Some of the other services the agency can assist with are providing support and relief to caregivers. For example, Freitag-Hejja said the agency can help pay for nutritional supplements, such as Boost and Ensure, which are recommended for many seniors and can be costly for a family caregiver. Adult incontinence supplies are another costly necessity. Short-term help with home care services and respite for family caregivers is another resource seniors can access.

"For about three months, one of our contracted providers can come out in the home and provide care to give that caregiver a little break but even if there's not a caregiver and someone needs help with bathing, dressing, grooming," she said.

Home modification for elements such as wheelchair ramps, grab bars and other accessibility devices can also be obtained through the agency.

About the program

The Conroe office is a satellite office serving Austin, Chambers, Liberty, Montgomery, Walker and Waller counties.
  • There are 32 full-time employees on staff with the Houston-Galveston Area Agency on Aging.
  • The AAA is funded through the Older Americans Act, enacted in 1965 to help vulnerable older adults live in the community safely for as long as possible.
  • The Houston-Galveston AAA served 7,605 Montgomery County residents in fiscal year 2022-23, not including clients served through information and referral, and benefits counseling.
Before you go

During the COVID-19 pandemic, needs became more complex, Freitag-Hejja said. For Montgomery County alone, the agency received more than $222,000 in federal COVID-19 relief funds for meals, for example. But other needs emerged arising from that crisis, she said.
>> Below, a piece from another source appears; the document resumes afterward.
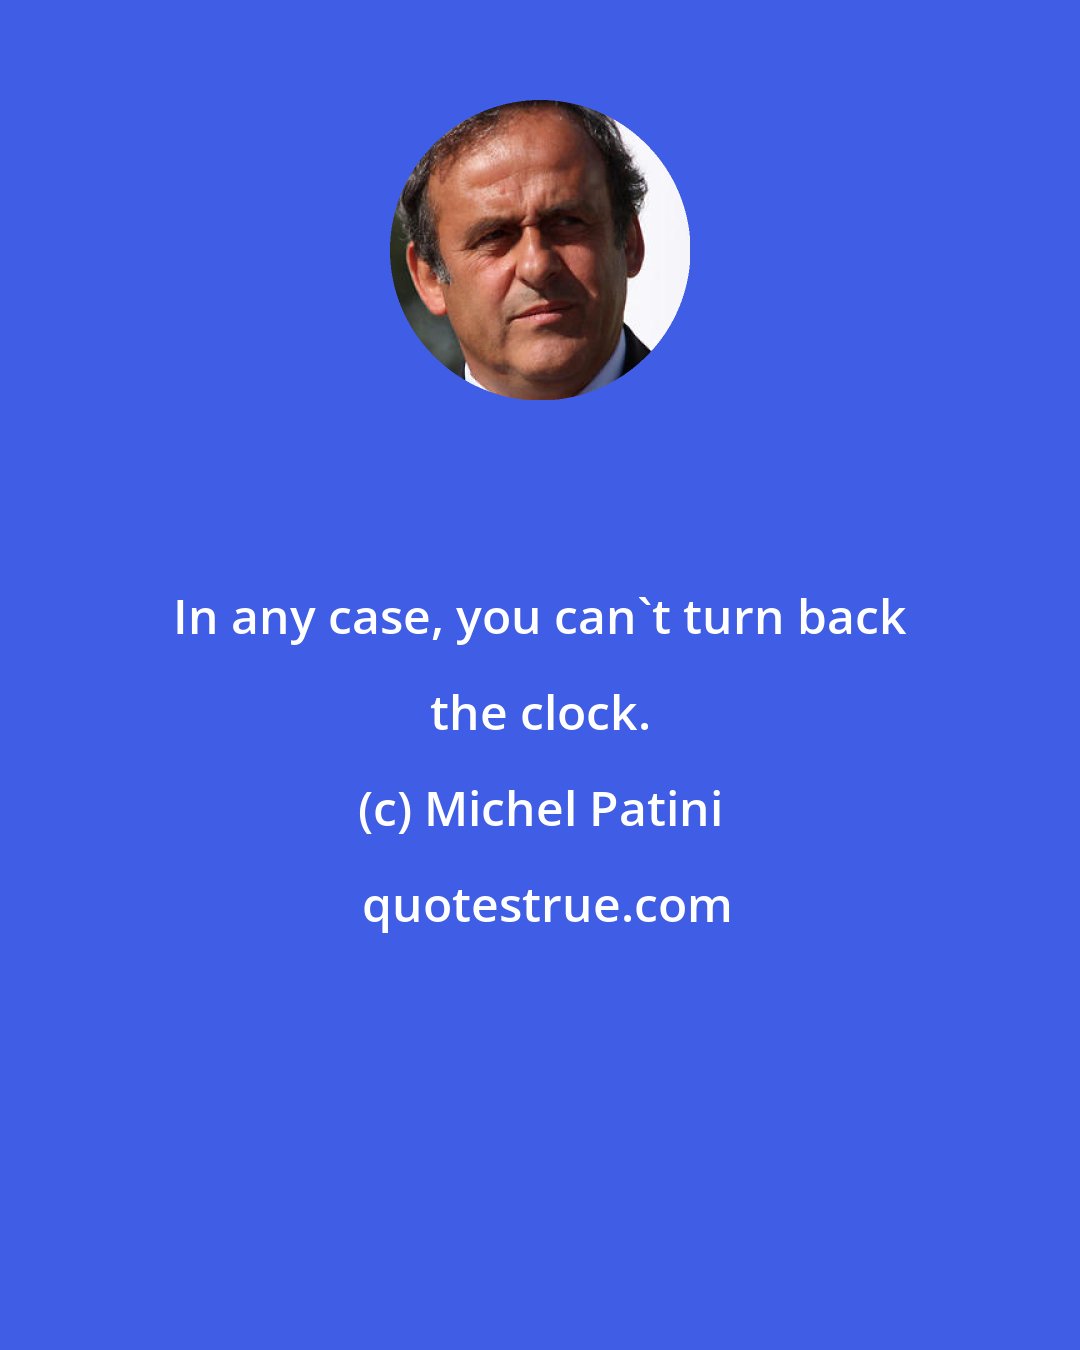 Michel Patini: In any case, you can't turn back the clock.

"There were a lot of people who were just very lonely," she said. "We saw definitely the importance of maintaining social connections."

Housing needs also escalated during that period, in part because many older adults moved in with loved ones, and the pressures of cohabitating resulted in individuals looking for different housing arrangements.

This year is the last year in which enhanced funding from the COVID-19 pandemic has been used to boost training in areas such as public health, Freitag-Hejja said.

"It's allowed our staff to cross train a little bit, but a lot of it has just been able to really supplement what we already do and allow us to help more people, which means shorter wait lists ... and more people getting help," she said.